Set in December 1940, the film is presented in a series of vignettes, with narration provided by the adult Ralphie Parker reminiscing on one particular Christmas when he was nine years old in the fictional town of Hohman, Indiana. Ralphie wanted only one thing that Christmas: a Red Ryder Carbine Action 200-shot Range Model air rifle. Ralphie's desire is rejected by his mother, his teacher Miss Shields, and even a Santa Claus at Higbee's department store, all giving him the same warning: "You'll shoot your eye out".

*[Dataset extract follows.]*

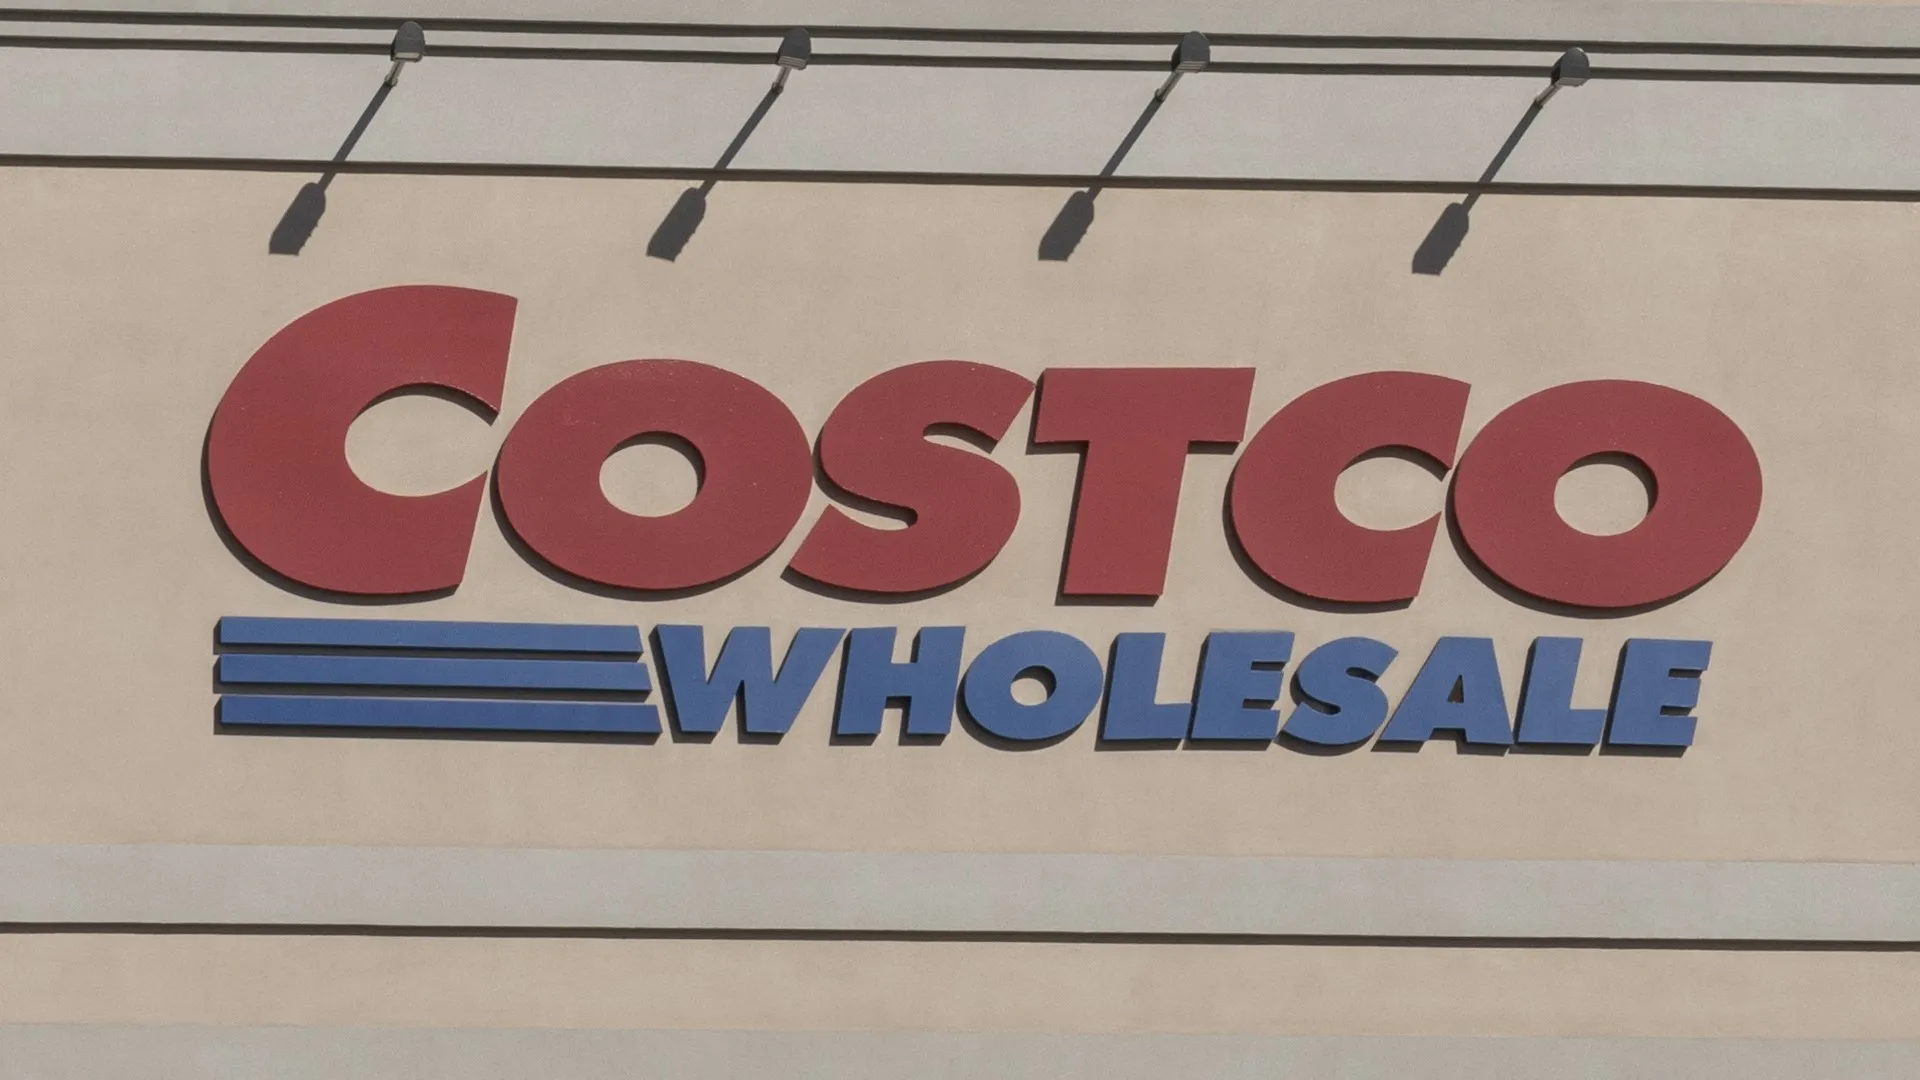 Costco Wholesale Location. Costco Wholesale is a multi-billion dollar membership retailer. stock photo

On Christmas morning, Ralphie receives some presents that he enjoys but is disappointed not to find the rifle among them. When it appears that all of the presents have been opened, Ralphie's father ("The Old Man") directs him to one last box hidden in the corner, which proves to contain the rifle. He eagerly hurries outside to try it out, attaching a target to a metal sign in the backyard; when he fires, the BB ricochets back and hits him in the face. Believing at first that he has indeed shot his eye out, he realizes that the BB only knocked his glasses off and begins searching for them in the snow, only to step on them by accident and break them. He lies to his mother that a falling icicle struck him in the face and broke his glasses, and she believes him and takes him to the bathroom to get cleaned up.

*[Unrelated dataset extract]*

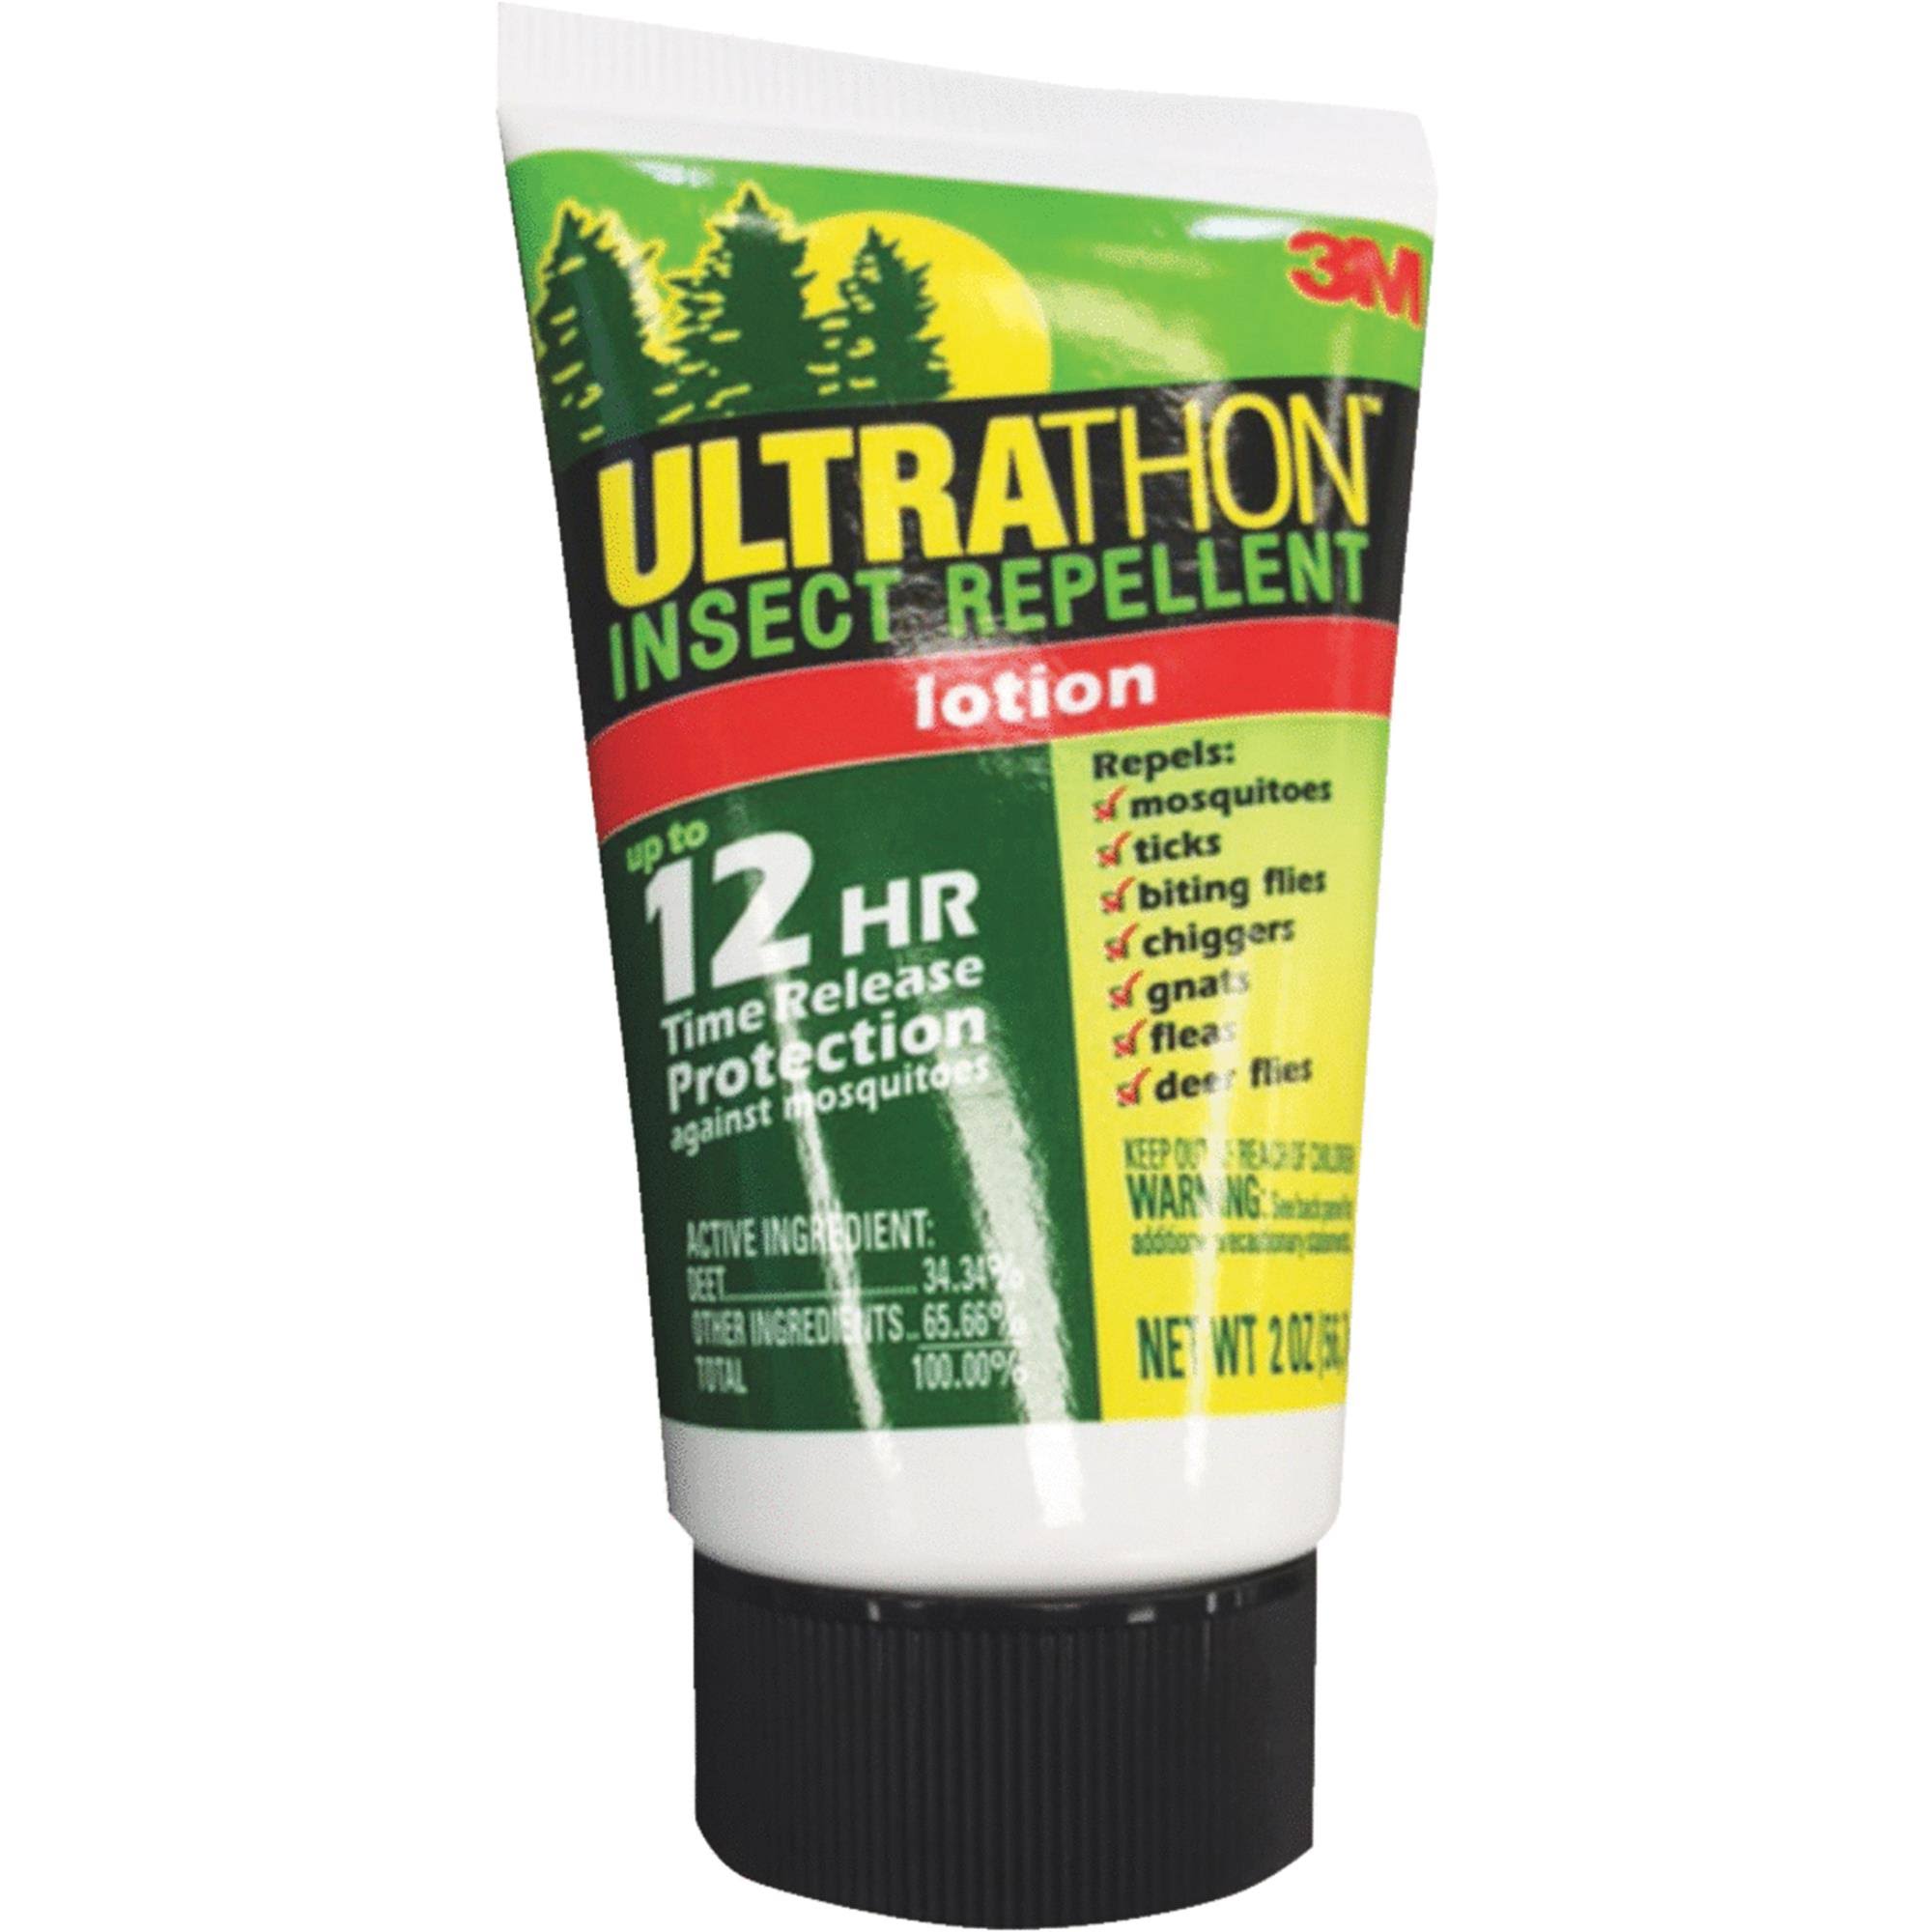 3M Ultrathon Insect Repellent Lotion - 2oz

That night, Ralphie goes to sleep with the gun by his side as his adult self reflects that it was the best Christmas present he had ever received or would ever receive.

Other vignettes
Interspersed with the main story are several loosely related vignettes involving the Parkers:

 The Old Man wins a "major award" in a contest – a table lamp in the shape of a woman's leg wearing a fishnet stocking. The Old Man is overjoyed but Mrs. Parker is not. "The Battle of the Lamp" develops, ending with Mrs. Parker "accidentally" destroying it, much to the Old Man's fury. Unable to fix the lamp, he defeatedly buries the remains in the backyard.
 The Old Man also fights a never-ending battle with the malfunctioning furnace in the Parker home. His frustrations cause him to swear quite often, including one profanity-laden rant (heard as gibberish) that the adult Ralphie says "is still hanging in space over Lake Michigan". His influence later reflects back upon Ralphie when The Old Man's car suddenly blows a tire, and Mrs. Parker suggests that Ralphie help his father change the tire. While holding the lug nuts in the tire's hubcap, The Old Man accidentally knocks them out of Ralphie's hands, causing Ralphie to utter profanity and have his mouth washed out with Lifebuoy soap.
 Still another source of frustration for The Old Man is the dogs that belong to the Bumpus family, the Parkers' hillbilly next-door neighbors. The Bumpuses own "at least 785 smelly hound dogs" that harass The Old Man whenever he comes home from work. On Christmas Day, the dogs ruin the family's dinner by romping through their kitchen and eating their turkey, forcing the family to go to a Chinese restaurant for Christmas dinner.
 Ralphie and his friends Flick and Schwartz along with Randy are tormented by the neighborhood bullies Scut Farkus and Grover Dill. Ralphie eventually snaps and beats up Farkus. Mrs. Parker catches him mid-fight and Ralphie expects her to tell The Old Man, but instead she redirects the conversation to a football game, leading The Old Man to brush it off.

Cast
 Peter Billingsley as Ralphie Parker
 Jean Shepherd as adult Ralphie (voice) / man standing in the Santa Claus line at Higbee's
 Ian Petrella as Randy Parker
 Melinda Dillon as Mrs. Parker
 Darren McGavin as Mr. Parker (The Old Man)
 Scott Schwartz as Flick
 R. D. Robb as Schwartz
 Zack Ward as Scut Farkus
 Yano Anaya as Grover Dill
 Tedde Moore as Miss Shields
 Jeff Gillen as Santa Claus
 Patty Johnson as Lead Elf
 Drew Hocevar as Male Elf
 Leslie Carlson as Christmas Tree Salesman

Casting
The basis of the screenplay is a series of monologues written and performed by Jean Shepherd on the radio. Shepherd wrote the adaptation with Bob Clark and Leigh Brown. Several subplots are incorporated into the body of the film, based on other separate short stories by Shepherd. Shepherd provides the film's narration from the perspective of an adult Ralphie, a narrative style later used in the comedy-drama television series The Wonder Years. Shepherd, Brown, and Clark have cameo appearances in the film: Shepherd plays the man who directs Ralphie and Randy to the back of the Santa line at the department store; Brown – Shepherd's wife in real life – plays the woman in the Santa line with Shepherd; Clark plays Swede, the neighbor the Old Man talks to outside during the Leg Lamp scene.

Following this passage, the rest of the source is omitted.